The data START

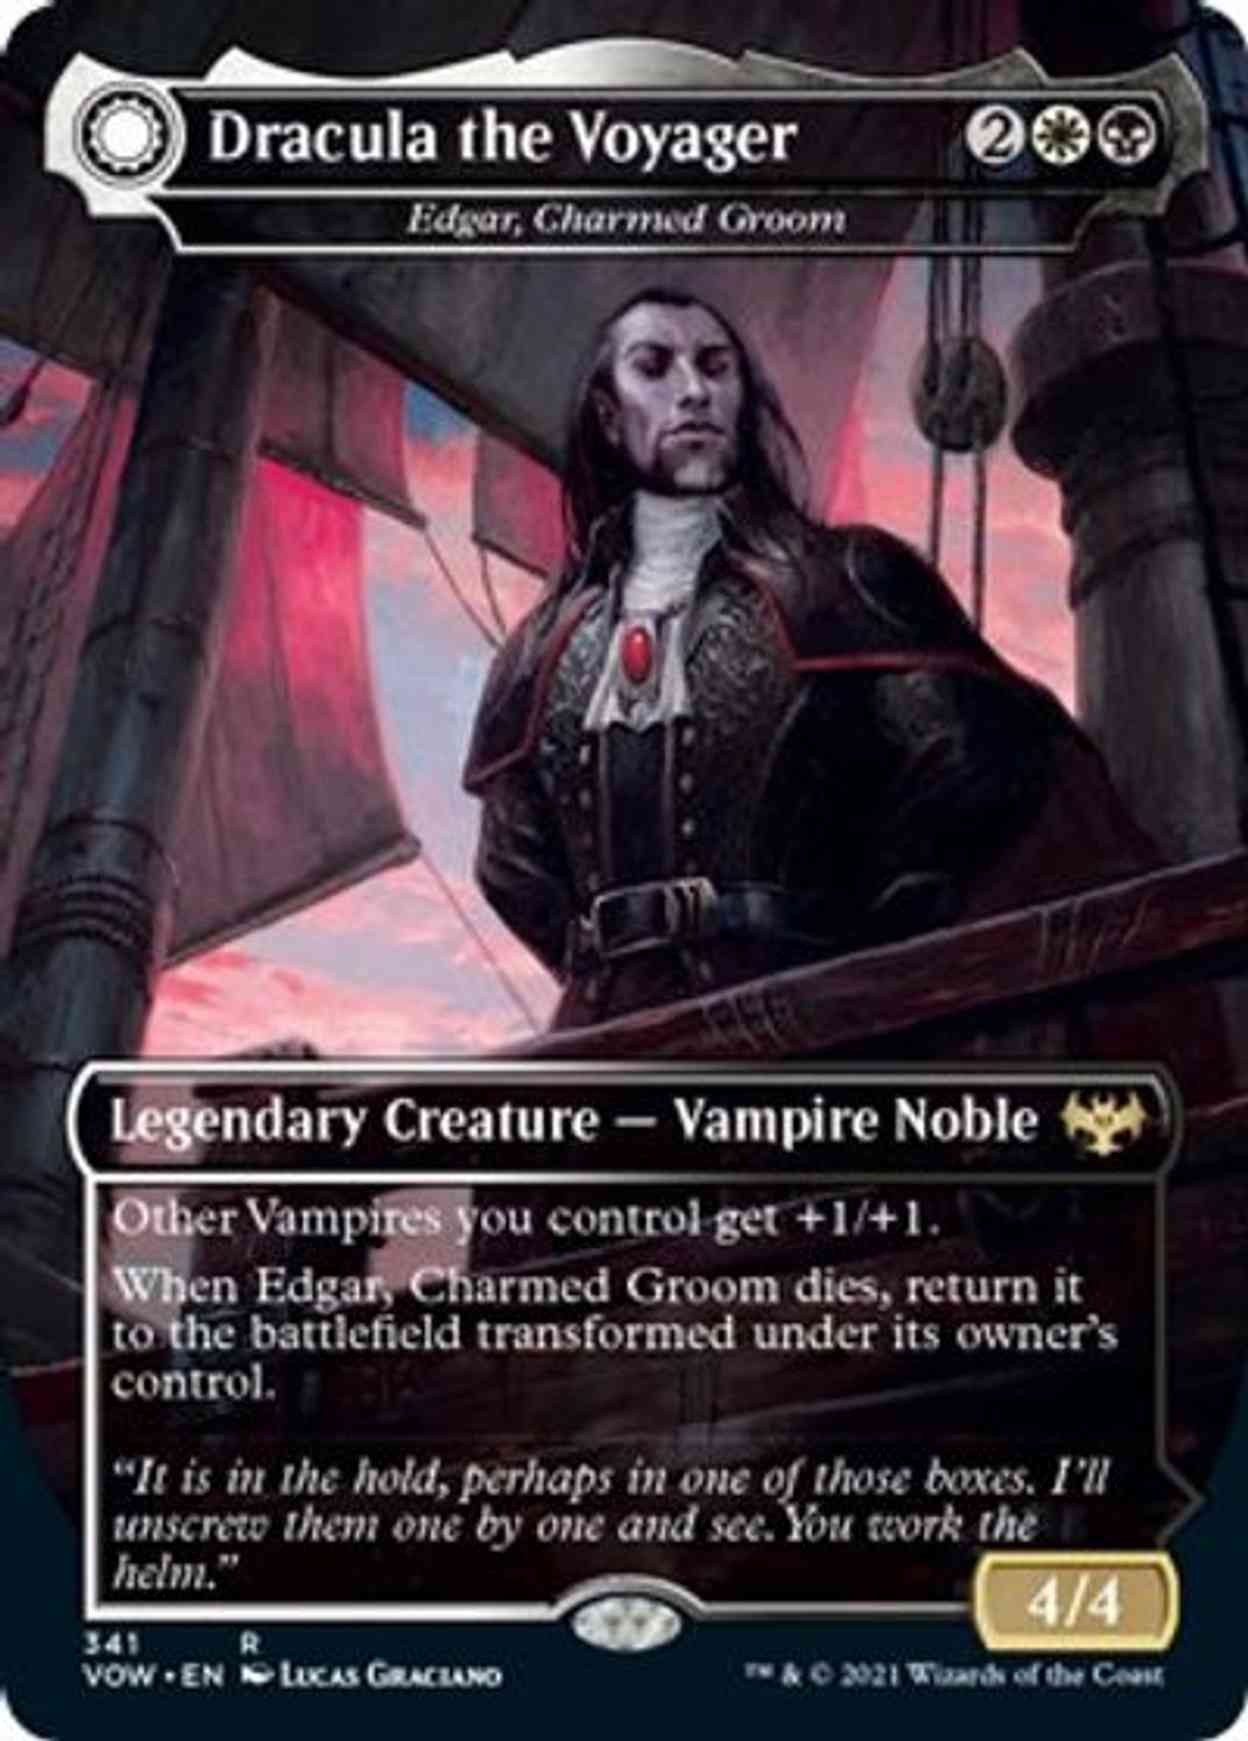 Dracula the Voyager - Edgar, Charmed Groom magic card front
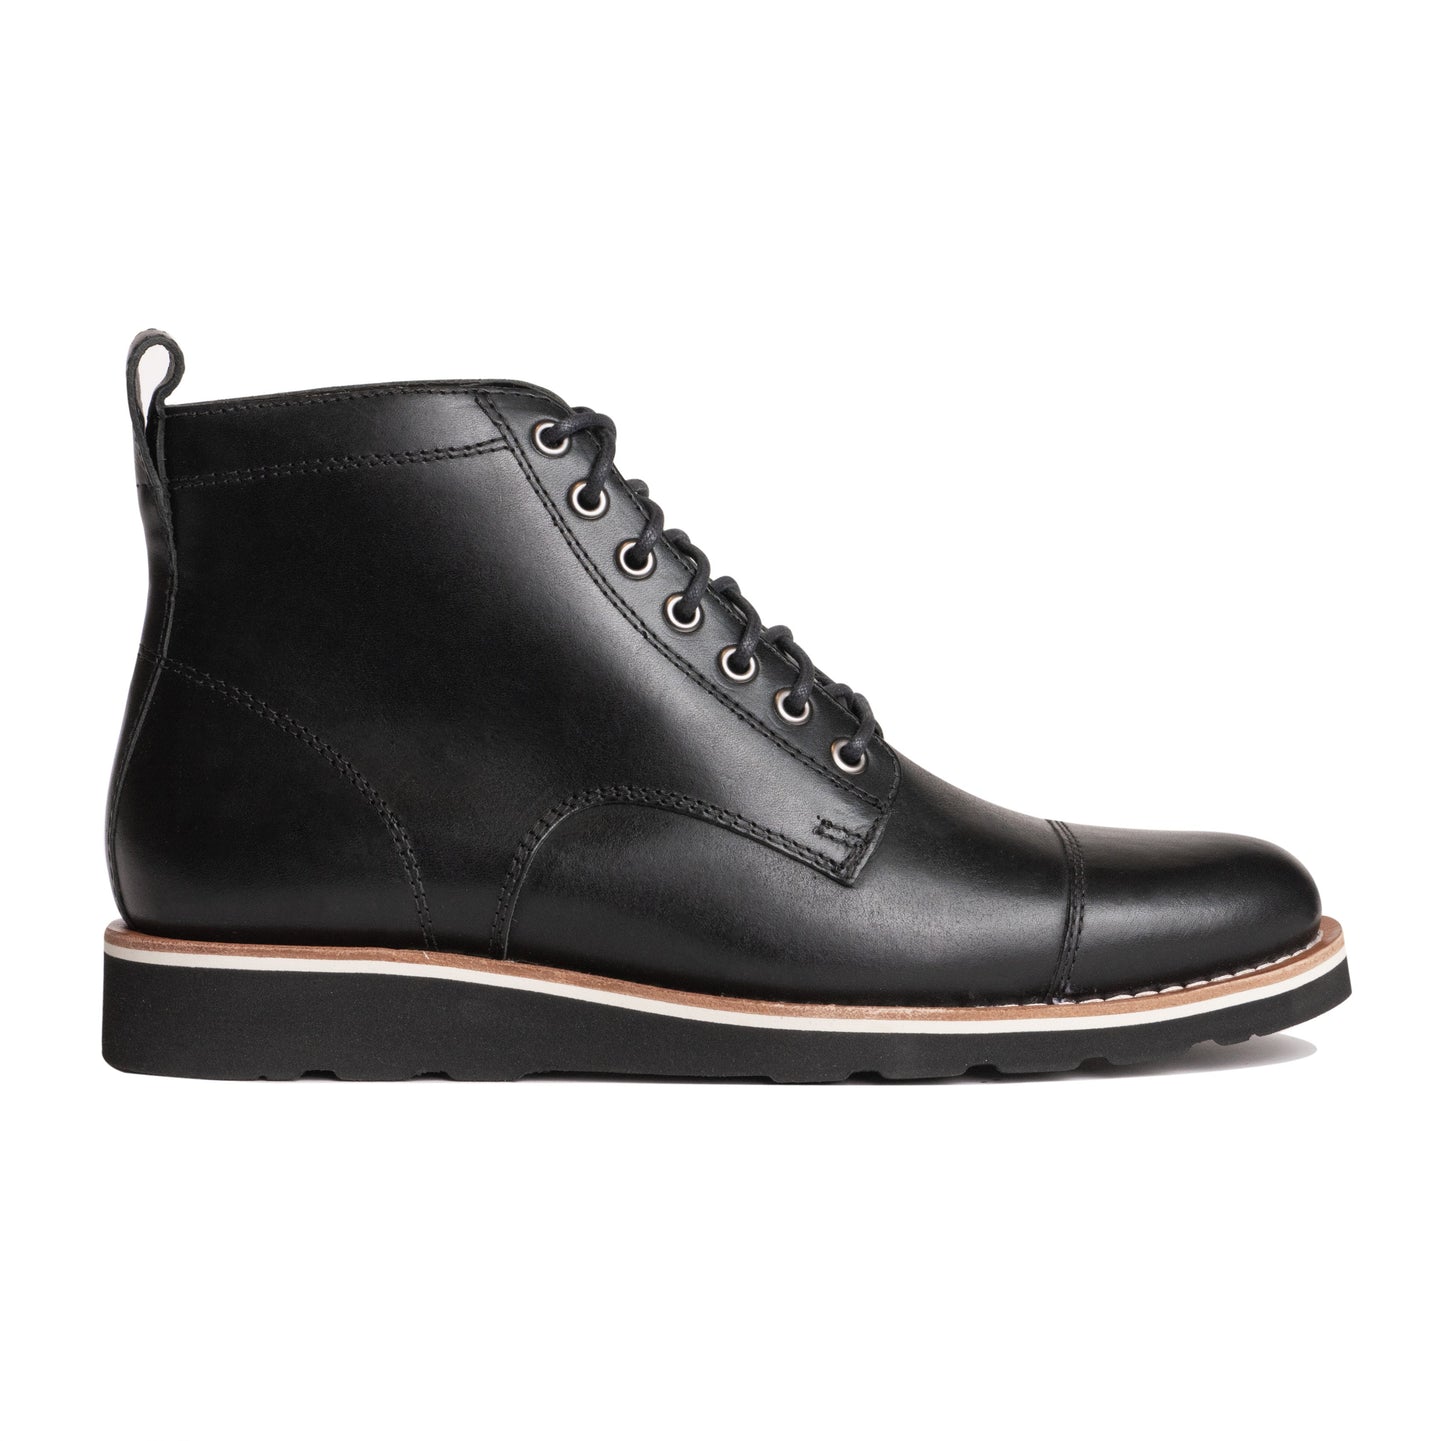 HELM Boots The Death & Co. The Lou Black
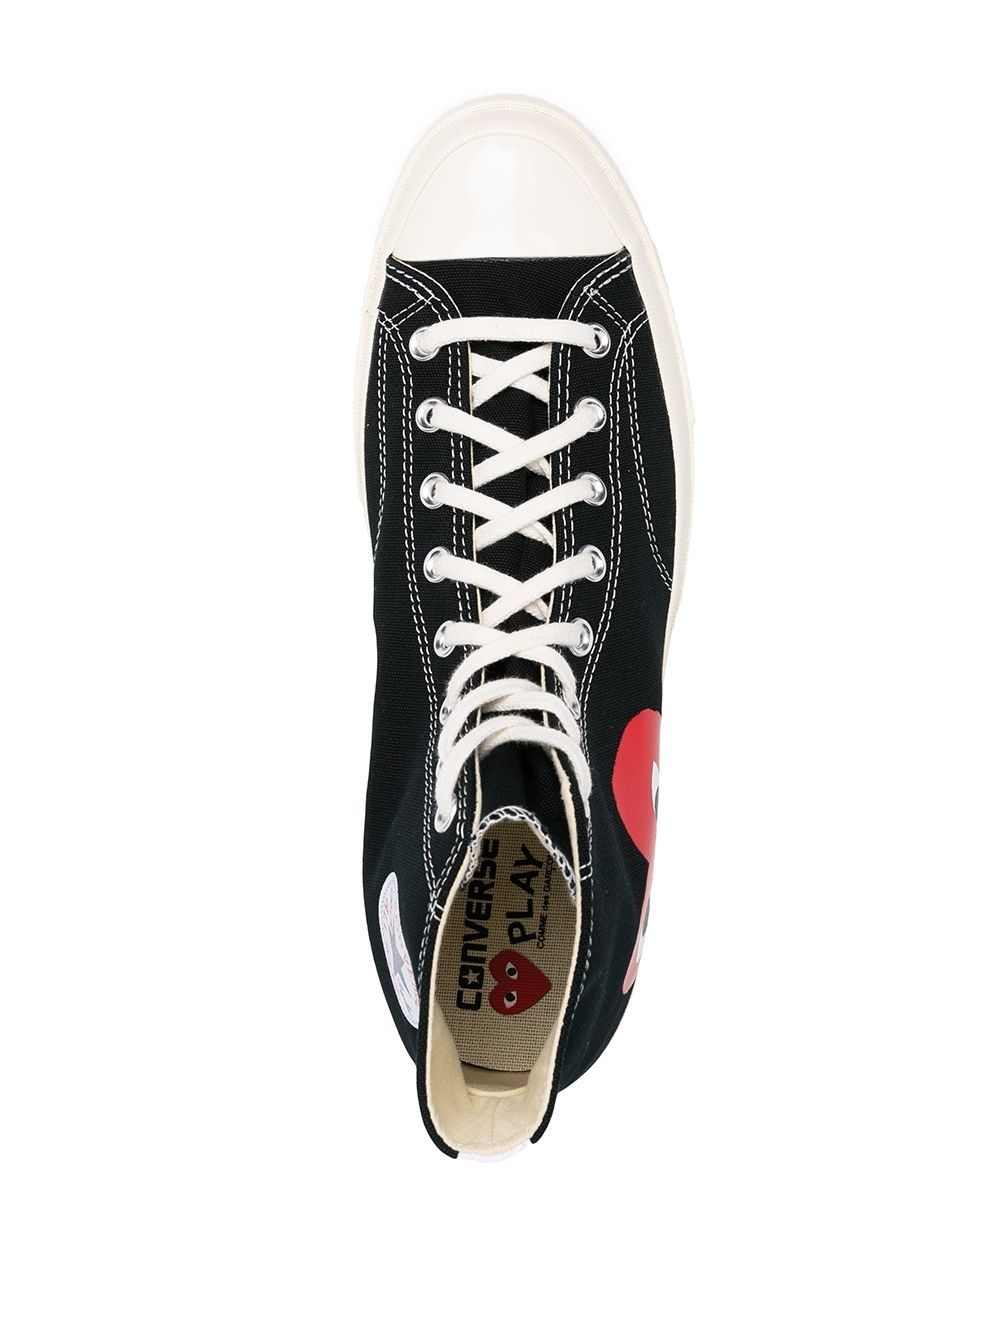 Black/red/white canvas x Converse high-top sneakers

The data END

What to produce
Copy out the lines exactly as written, beginning with the one that contains "HELM Boots The Death & Co. The Lou Black" and ending with the last line of the material; do not include pictures.

Exercise output
 HELM Boots The Death & Co. The Lou Black
 Black/red/white canvas x Converse high-top sneakers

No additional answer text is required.